ALSV-mediated VIGS phenotype of the PDS gene in L. erythrorhizon
Transcriptome analysis of L. erythrorhizon identified a PDS gene, designated LePDS1 (accession no. LC512725). A 234 nucleotide fragment of this gene (Fig. 1A) was cloned into ALSV using a method involving rub-inoculation following Agribactrium-mediated inoculation of Nicotiana benthamiana (see the Methods section for more detail) (Fig. 1B)17. The packaged virus was inoculated onto the leaves of young L. erythrorhizon seedlings during the stage of first leaf expansion (Fig. 1C). After cultivation for about 3 weeks, newly developed leaves above the inoculated leaves of several plants showed albino phenotypes. Although the albino phenotype was reproducibly observed, about 70% of inoculated seedlings did not have albino leaves and were considered to have escaped infection (Fig. 1D).
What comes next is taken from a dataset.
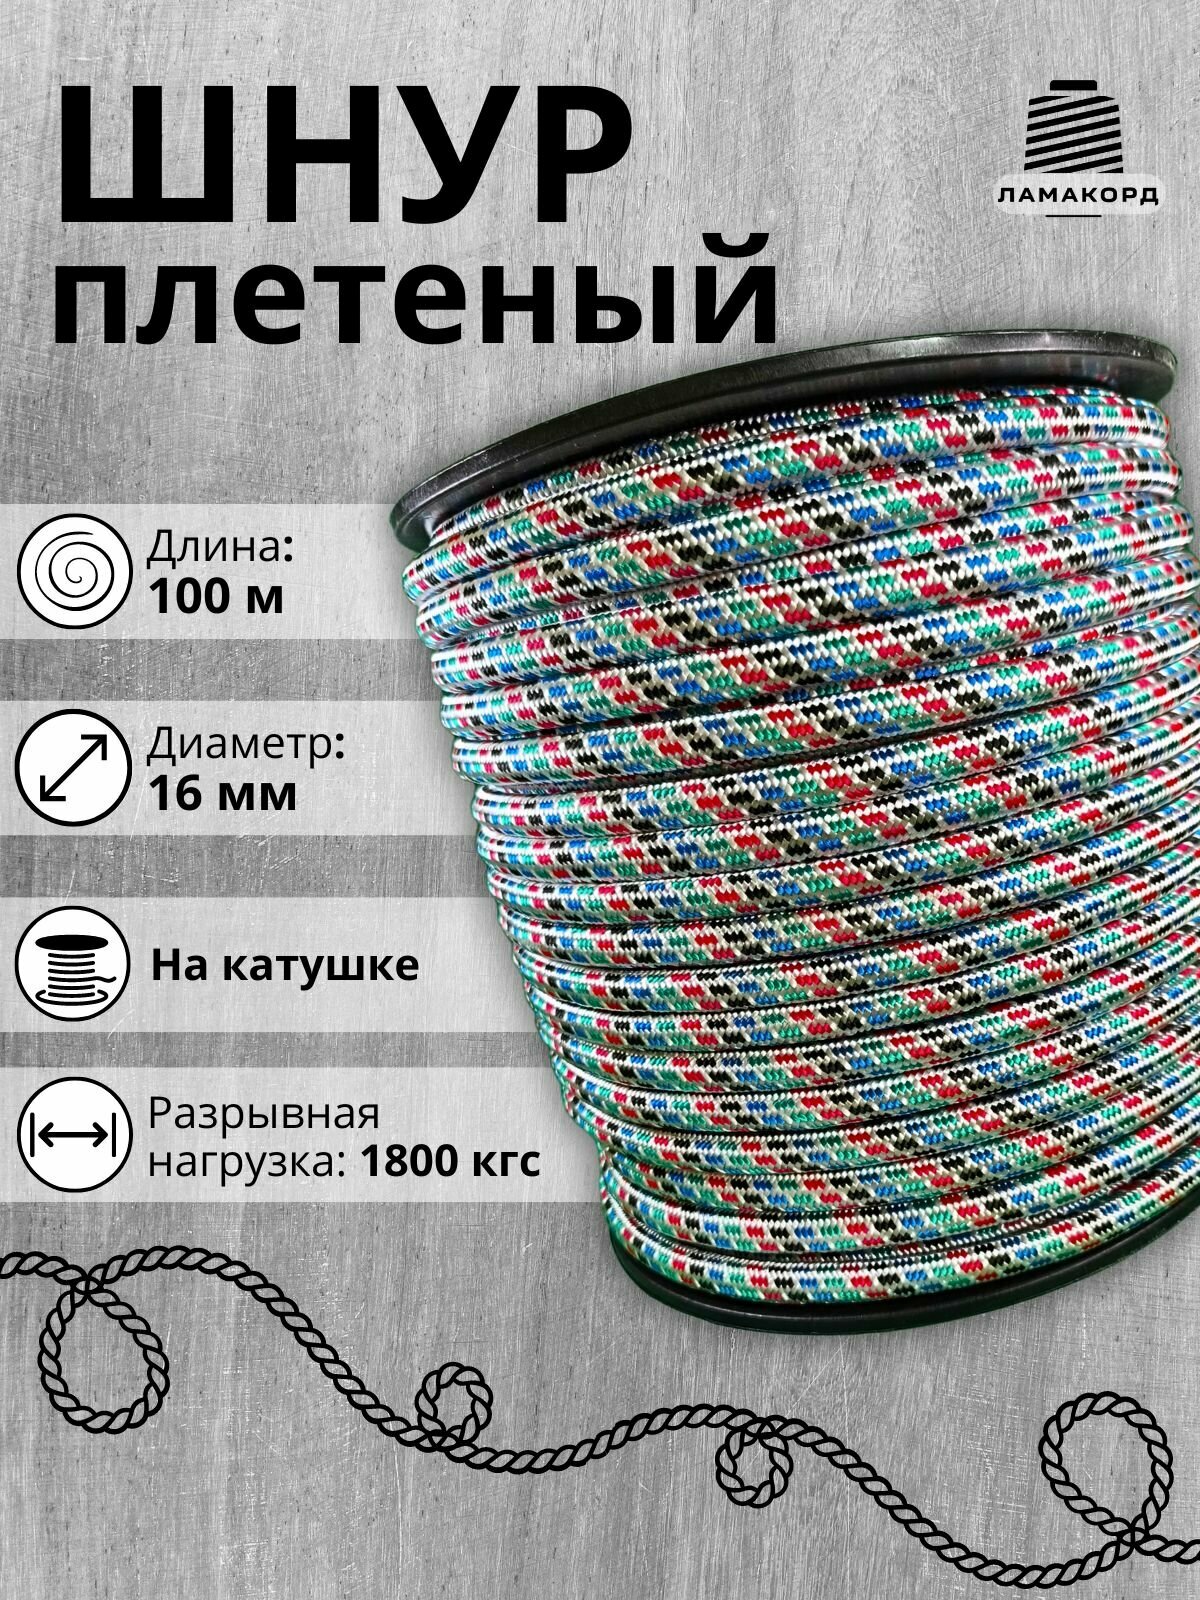 Шнур/Веревка полипропиленовая с сердечником 16 мм, 100 м, универсальная, высокопрочная, цветная

Viral RNA was detected in infected plants that showed the albino phenotype, but not in plants that escaped infection or in mock control plants, which were treated with water instead of ALSV (Fig. 1E).
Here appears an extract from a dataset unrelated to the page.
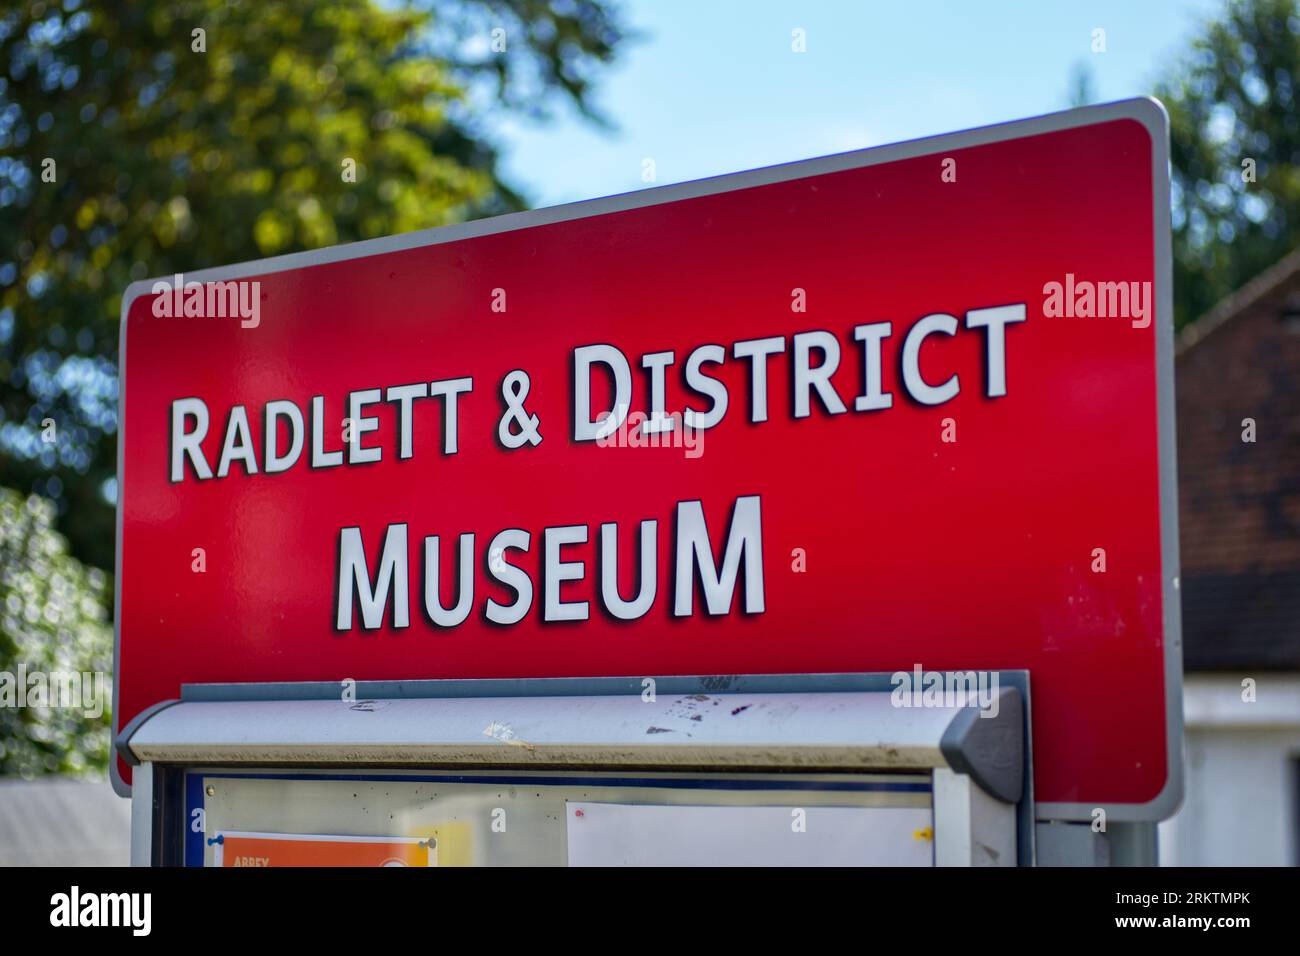 Radlett & District Museum sign, Radlett, Hertfordshire, England, UK Stock Photo

Generation of albino leaves in L. erythrorhizon plants by infection with ALSV containing a VIGS trigger against LePDS1. (A) Schematic representation of the LePDS1 transcript. The VIGS trigger fragment and PCR primers were set on the region encoding LePDS1 protein. (B) Construction of an ALSV vector. The trigger fragment was inserted in the reading frame of the ALSV polyprotein without any stop codons or frame shifts. The PCR primers to detect ALSV included the trigger fragment within the amplicon, with the product expected to be 0.5-kb long. The bipartite ALSV RNAs were encoded downstream of the CaMV 2 × 35S promoter in the pBICP35-based plasmids (pBICAL2 and pBICAL1). Abbreviations: LB and RB, T-DNA borders; 42 KP, 42 K movement protein; VP25, VP20 and VP24, capsid proteins; PRO-C, protease cofactor; HEL, NTP-binding helicase; C-PRO, cysteine protease; POL, RNA polymerase; NOS, terminator. (C) Young seedlings of L. erythrorhizon just before inoculation. Scale bar = 1 cm. (D) L. erythrorhizon plant grown for five weeks after inoculation. Left, an "infected" plant with albino leaves; center, an "escape" plant without albino leaves despite virus inoculation; right, a “mock” infected plant. Scale bar = 3 cm. (E) Detection of ALSV in L. erythrorhizon by RT-PCR. Abbreviations: infected, defective plant with albino leaves; escape, healthy plant despite virus inoculation; mock, plant treated with inoculation solution without virus; PC, positive control of PCR. The arrow indicates the band size corresponding to the PCR amplified fragment.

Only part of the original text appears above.